The first phase of construction work has been underway for the past five years, with $20bn of investments pumped into an area spanning 40,000 feddans (16,800ha). When all three phases are complete, the fully-developed new capital should be able to accommodate up to 6.5 million people on 70,000ha – almost the size of Singapore.
It has been a boon for construction companies both domestic and foreign. China State Construction Engineering Corporation won a deal in 2017 to build 20 big towers in the New Administrative Capital and they are due to be completed by next year. The building boom is also a boost for Orascom Construction, a local company that signed $1bn in projects in the last quarter of 2020, with almost two-thirds of them in Egypt.
In September, Orascom, The Arab Contractors and Germany’s Siemens signed a deal with the government to build a high-speed rail link from Ain Sokhna to Alexandria. The Arab Contractors company is building the new Senate, the new parliament and a huge Islamic cultural centre in the newly constructed city.
[…] the key issue now with building new cities is how to operate them, and what level of governance will be implemented to cope with the new challenges, such as the integration of technologies into day-to-day life.
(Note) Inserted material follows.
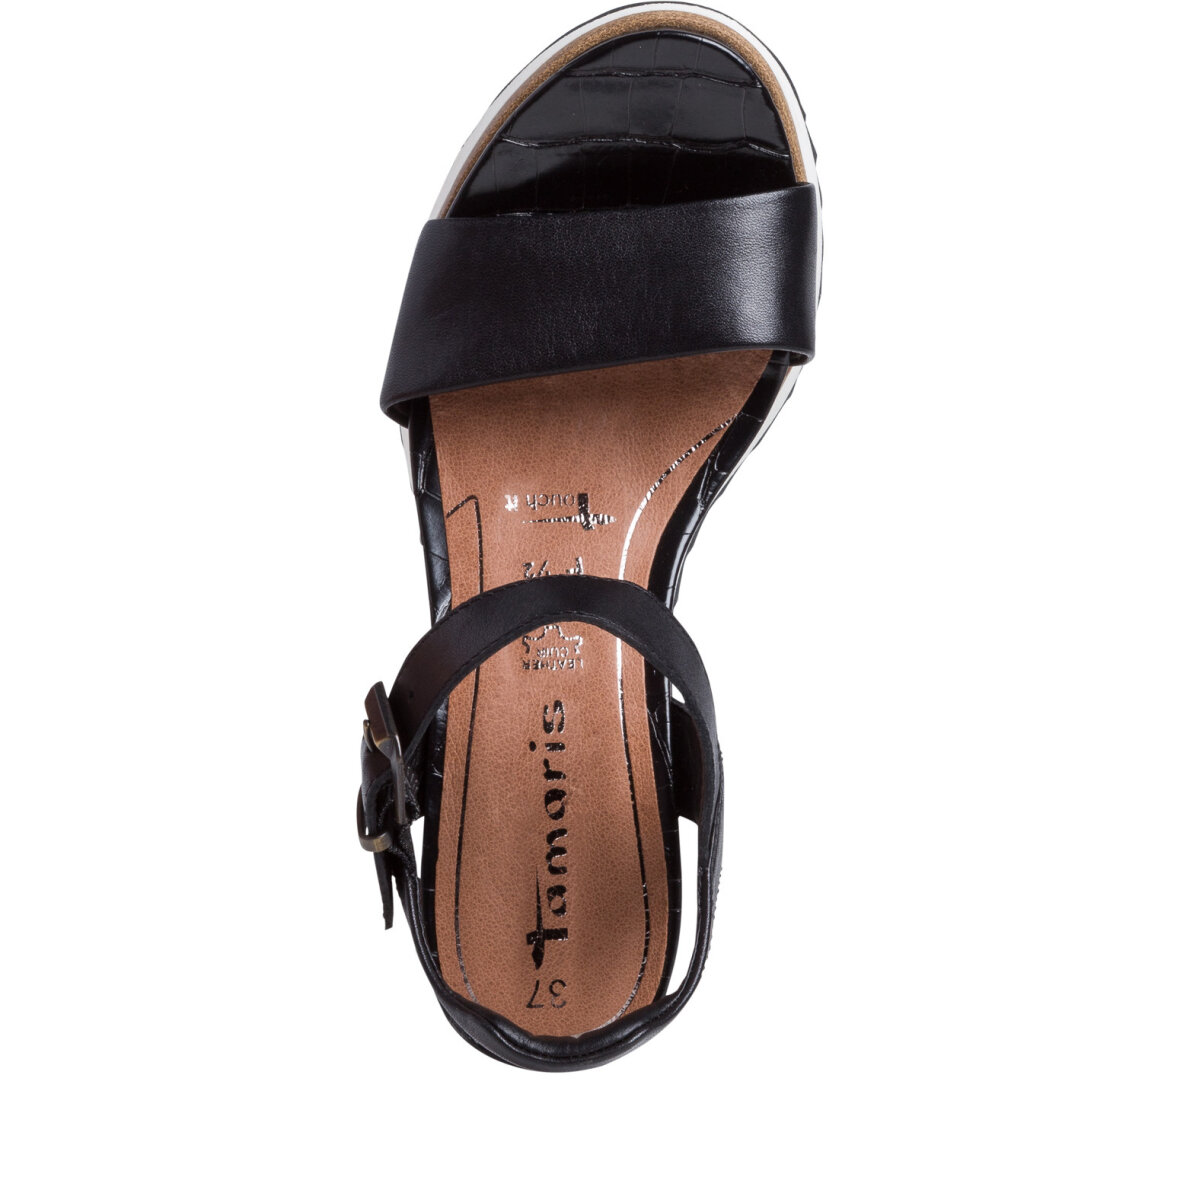 sort sandal kilehæl 6,5 cm

Hundreds of kilometres to the west – on the Mediterranean – New Alamein, Egypt’s second most eminent mega-development, has been growing since 2018 on a 20,160-hectare parcel of land and is designed to house two million people. Like the new capital, New Alamein bristles with towers and skyscrapers (which are rare in Egypt) as well as government offices.
Both projects are part of 37 smart cities that are either at the planning stage or are already being built under the auspices of the government and the military, which is heavily entrenched in the contracting business.